-- Exercise --
Transcribe exactly everything in the data below from the line containing "Cute Frog wallpaper" down to the line containing "Lacrosse Coach Cover", both lines included and nothing further.

-- Information supplied --
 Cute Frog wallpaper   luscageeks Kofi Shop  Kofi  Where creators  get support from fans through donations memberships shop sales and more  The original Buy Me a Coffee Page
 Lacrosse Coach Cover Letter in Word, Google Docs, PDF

==

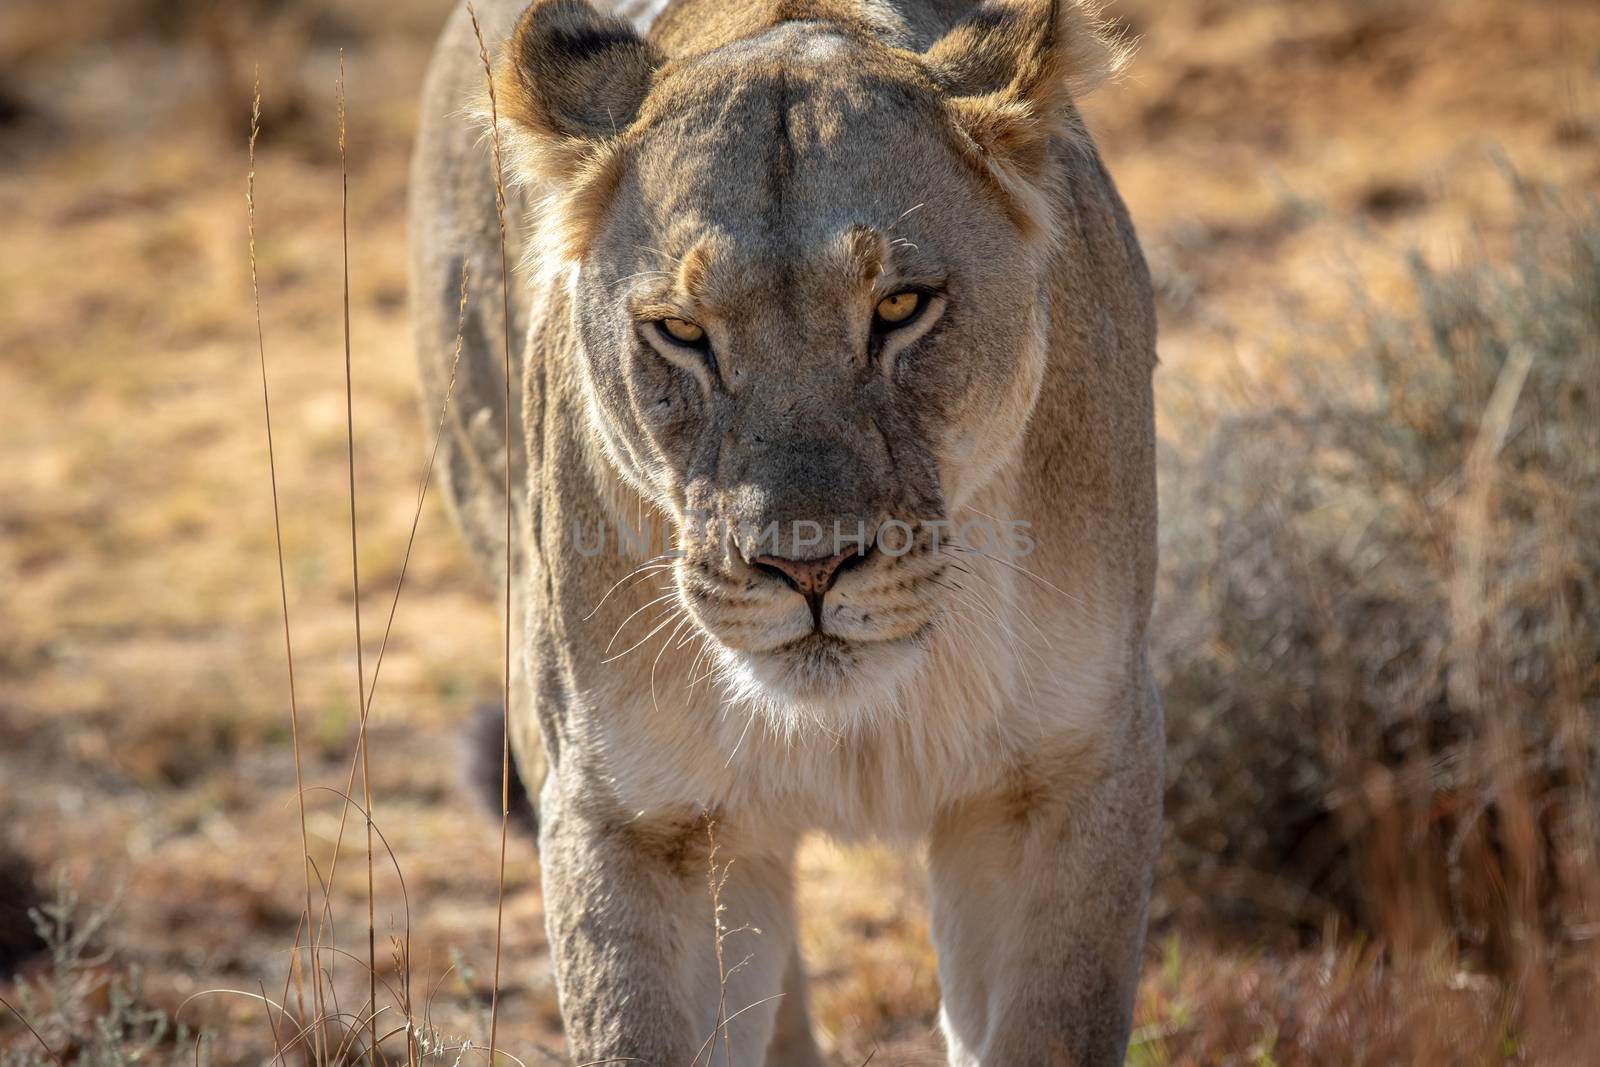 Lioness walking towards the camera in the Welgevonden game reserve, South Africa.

==

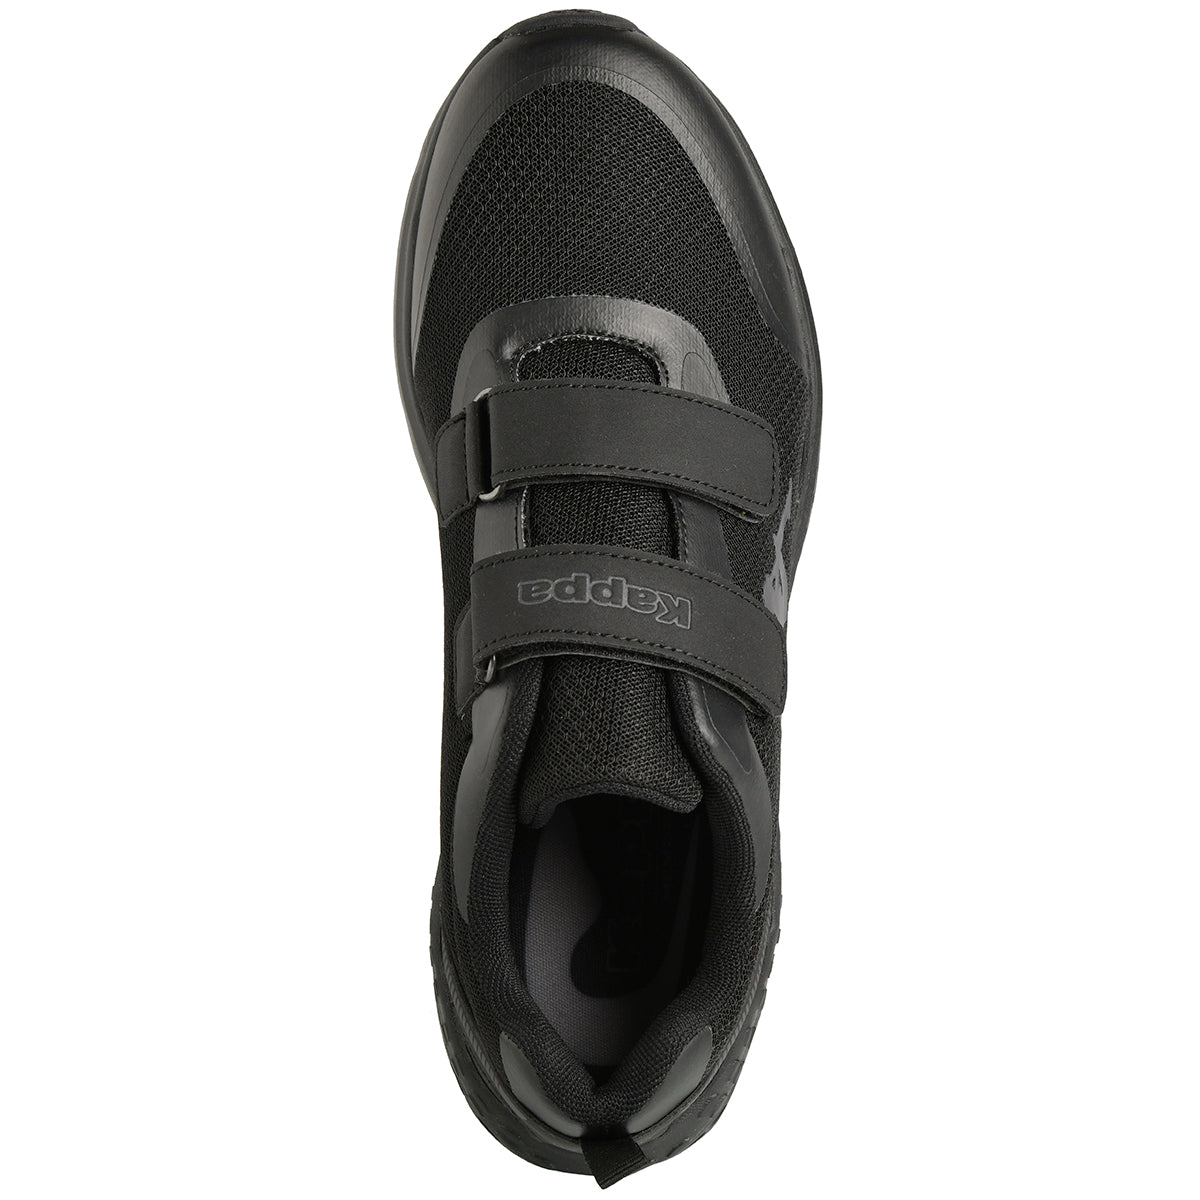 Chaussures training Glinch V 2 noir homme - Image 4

-- Expected output --
 Cute Frog wallpaper   luscageeks Kofi Shop  Kofi  Where creators  get support from fans through donations memberships shop sales and more  The original Buy Me a Coffee Page
 Lacrosse Coach Cover Letter in Word, Google Docs, PDF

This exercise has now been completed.